**Try it:** Reproduce each line of the material exactly, minus any picture.

**Supplied data:**
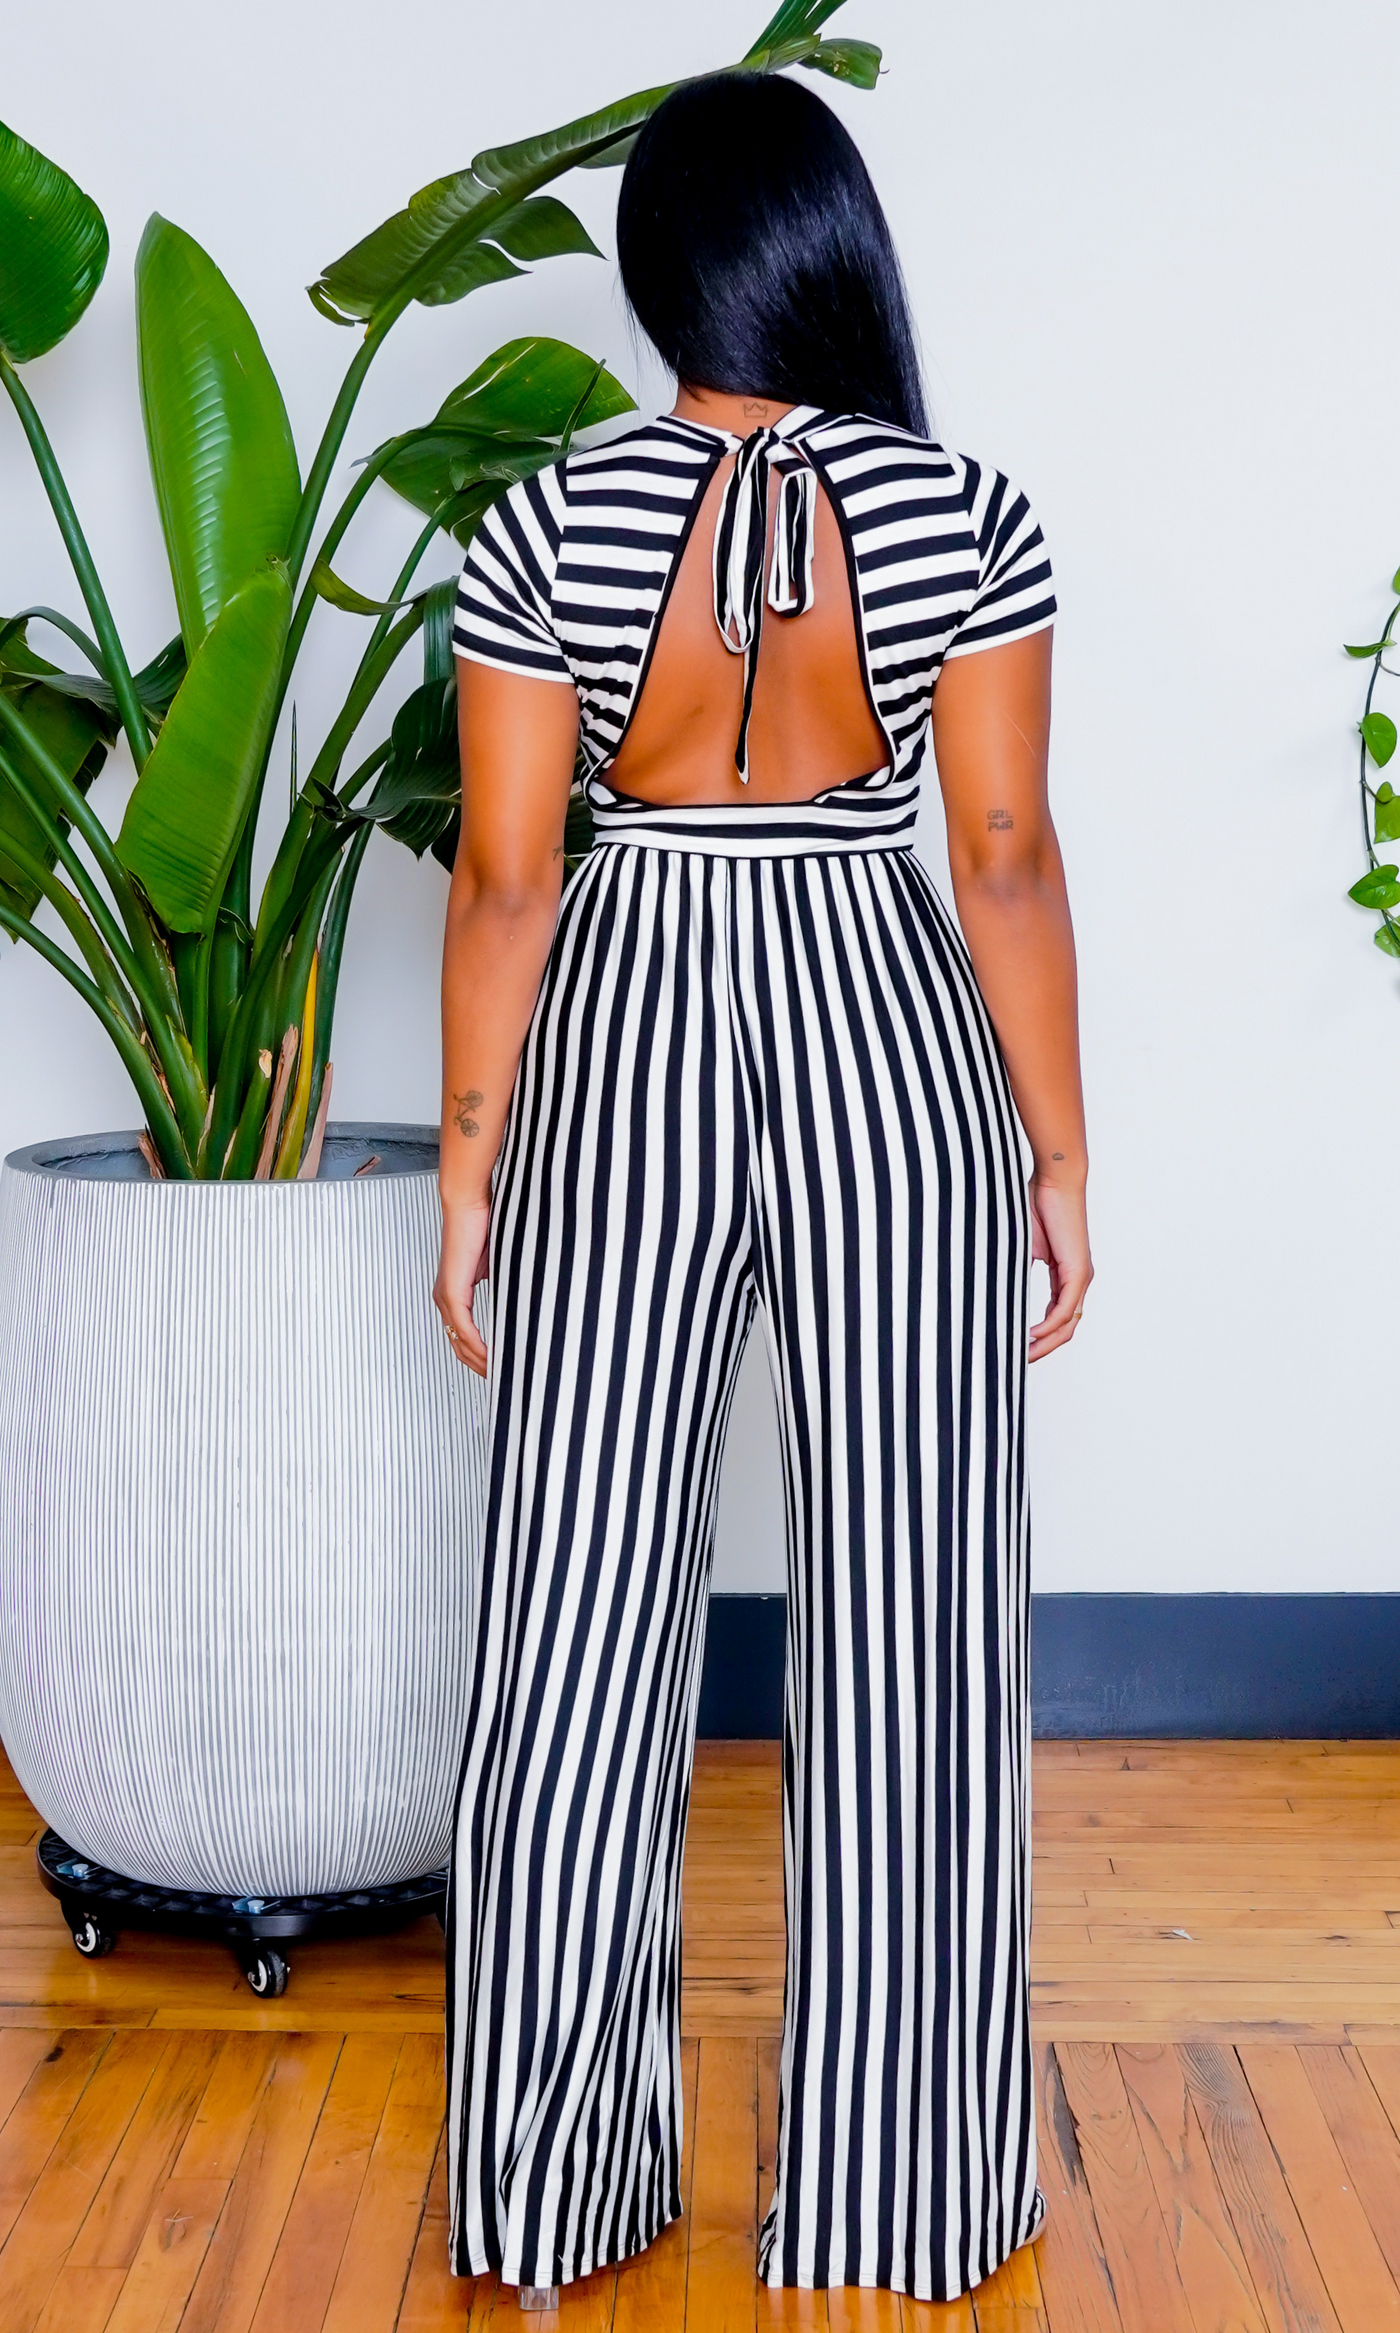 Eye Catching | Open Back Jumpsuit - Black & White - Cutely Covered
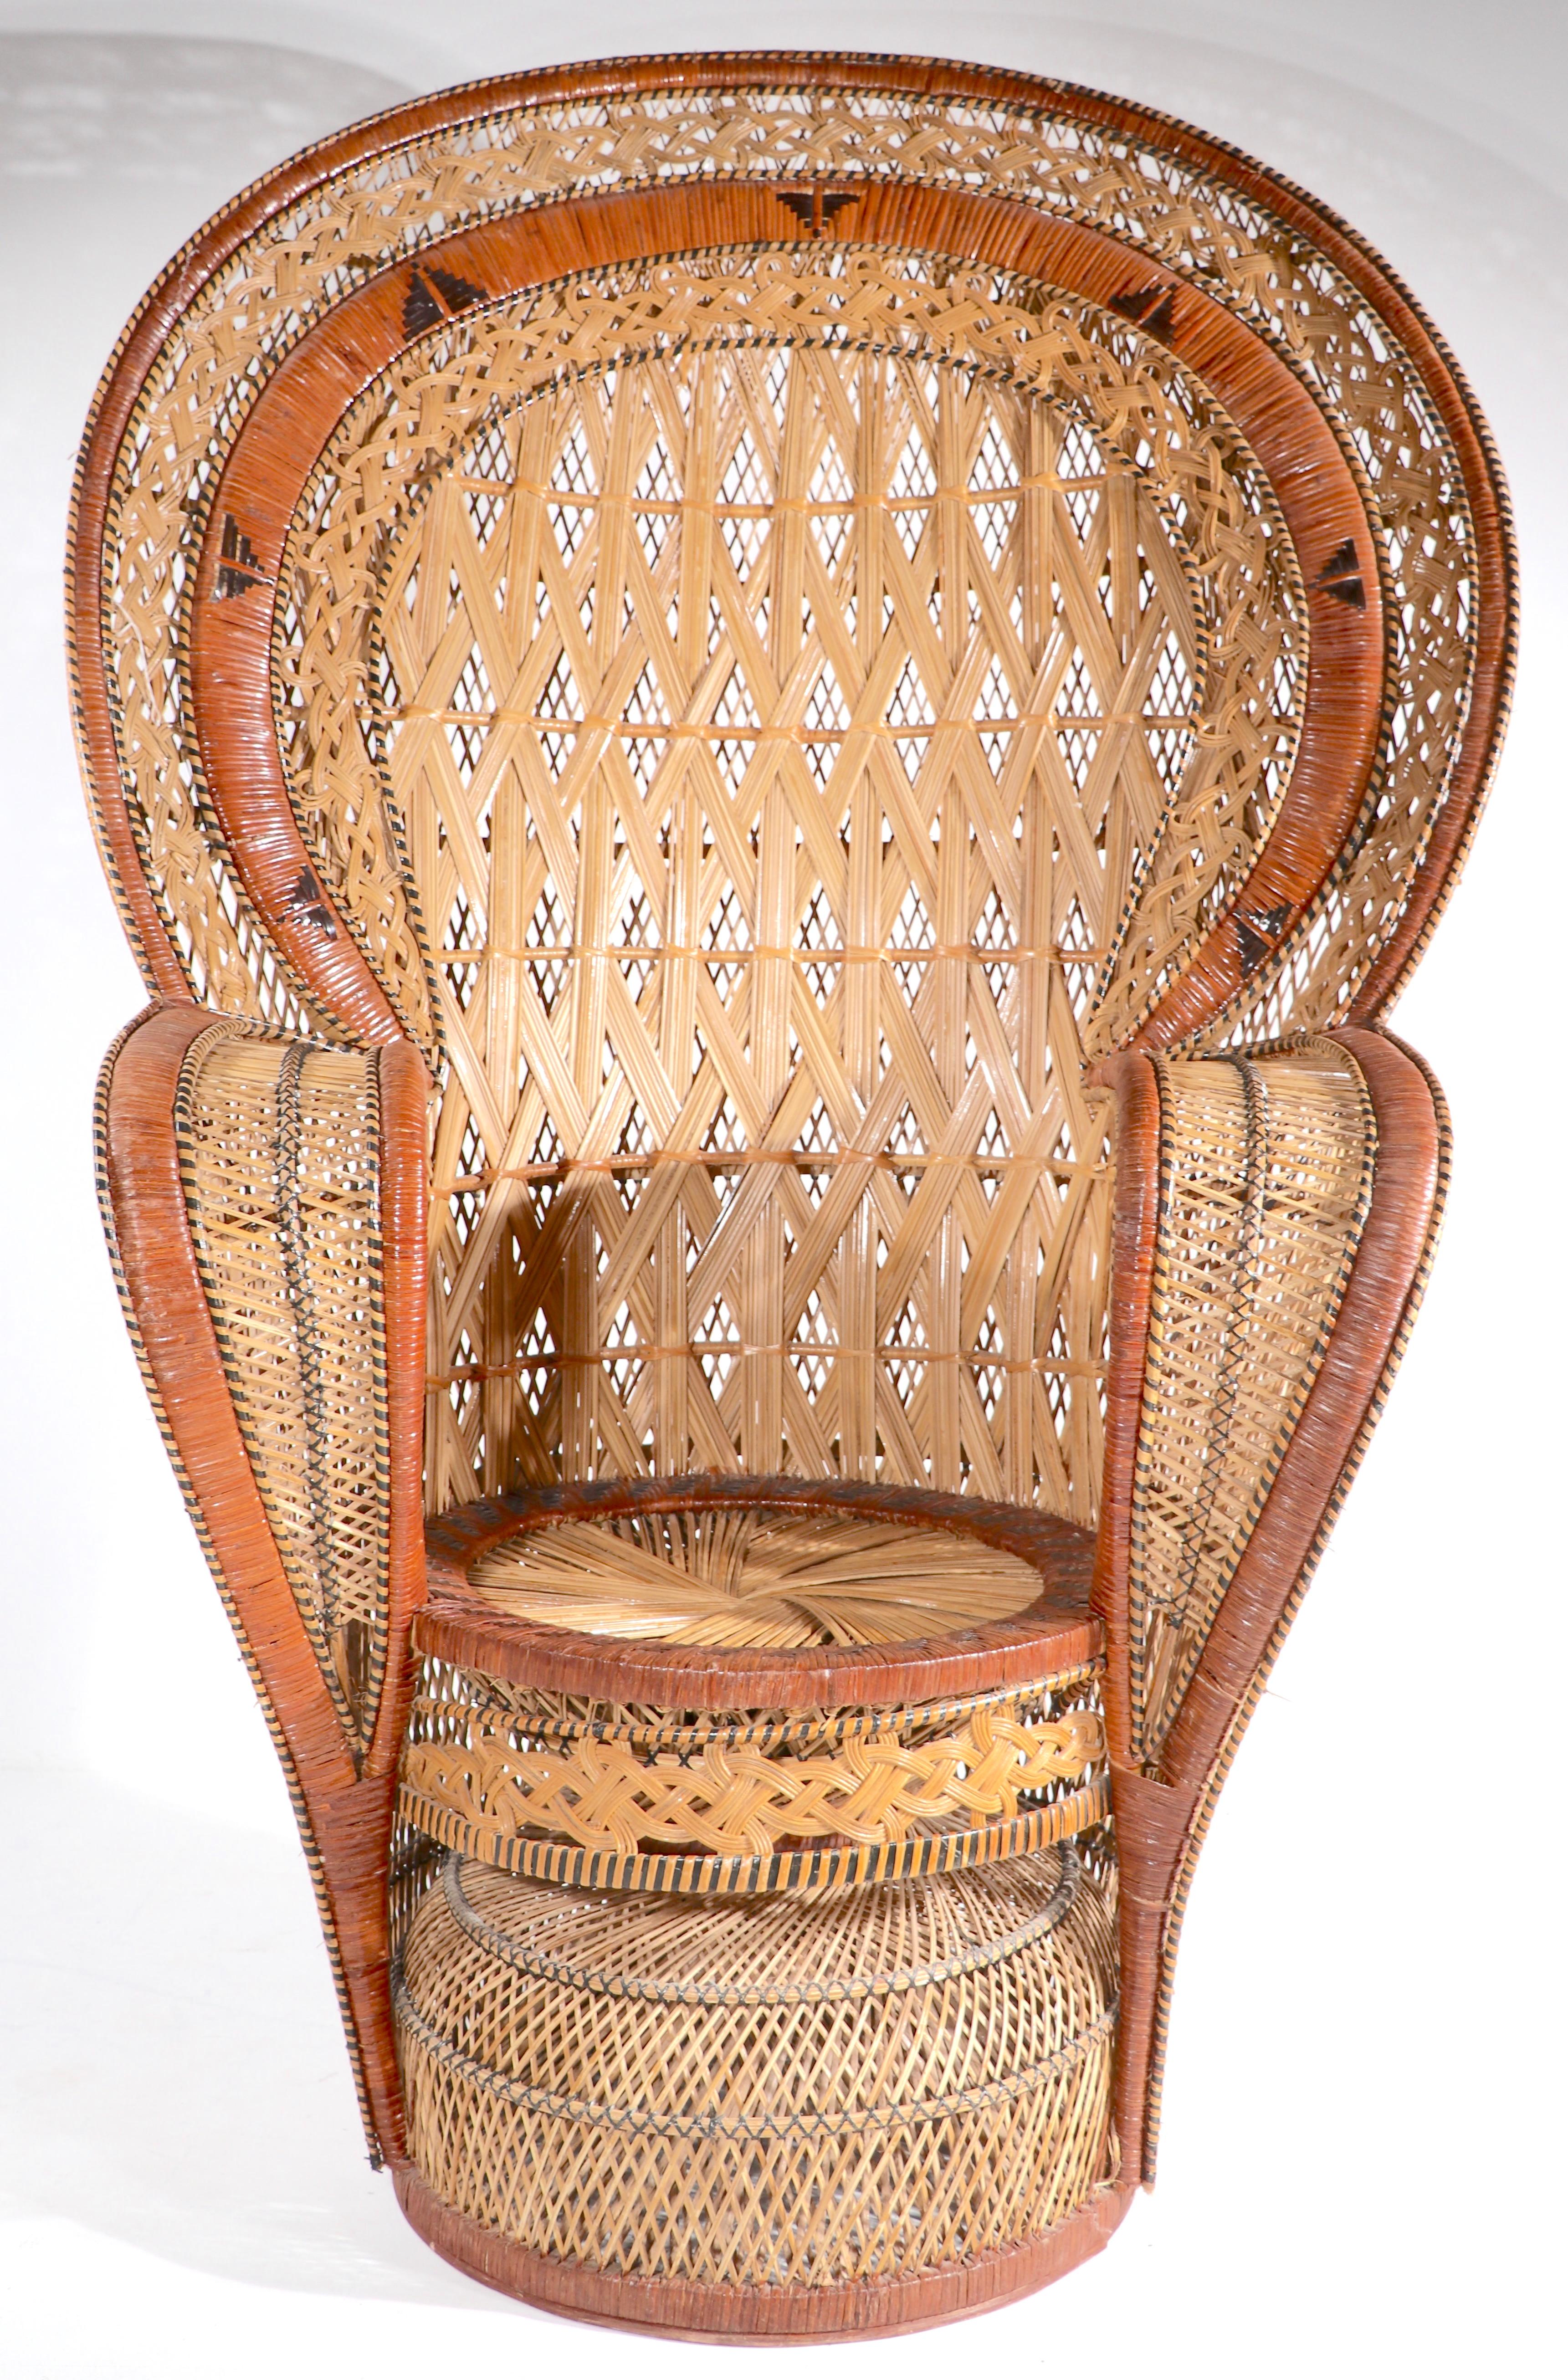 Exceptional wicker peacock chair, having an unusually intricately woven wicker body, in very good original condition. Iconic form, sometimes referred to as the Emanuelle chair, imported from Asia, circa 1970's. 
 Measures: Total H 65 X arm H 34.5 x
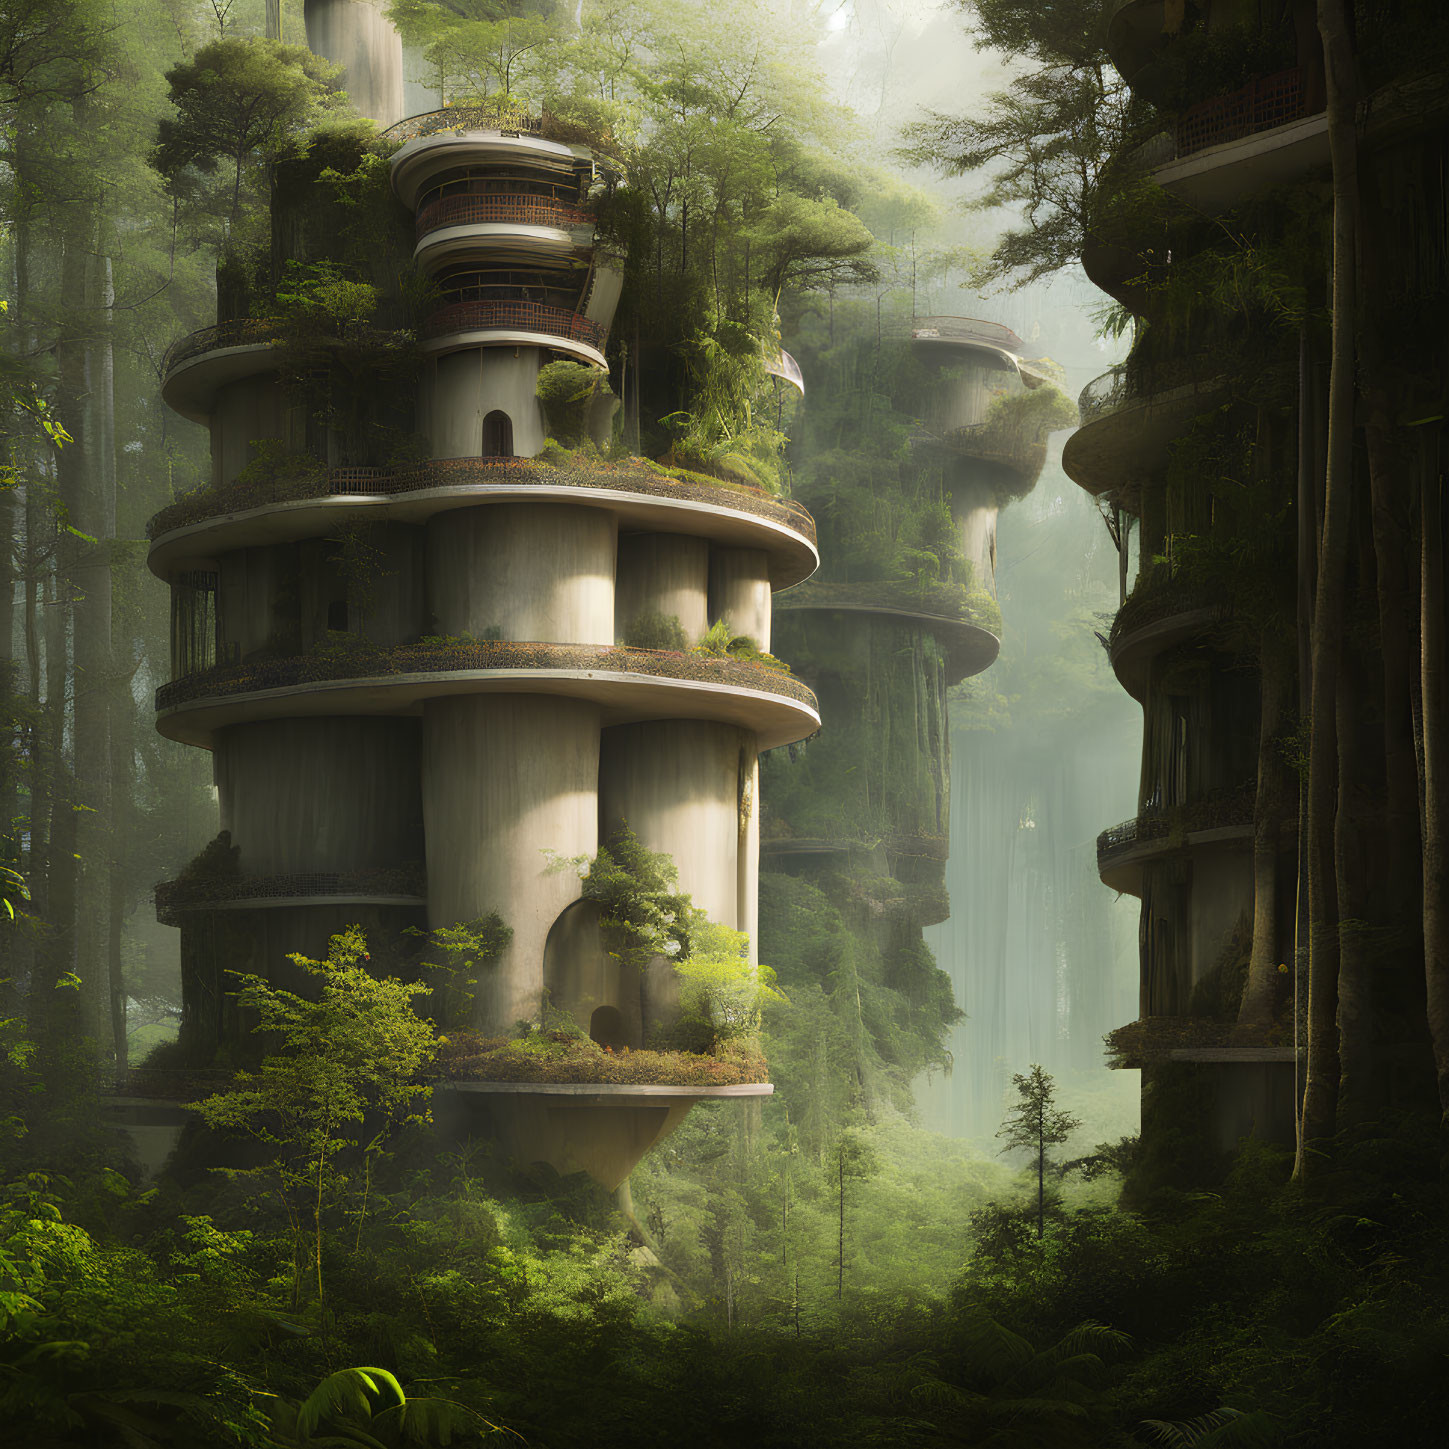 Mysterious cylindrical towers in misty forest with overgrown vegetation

**Exercise answer:**
 Eye Catching | Open Back Jumpsuit - Black & White - Cutely Covered
 Exceptional wicker peacock chair, having an unusually intricately woven wicker body, in very good original condition. Iconic form, sometimes referred to as the Emanuelle chair, imported from Asia, circa 1970's. 
 Measures: Total H 65 X arm H 34.5 x
 Mysterious cylindrical towers in misty forest with overgrown vegetation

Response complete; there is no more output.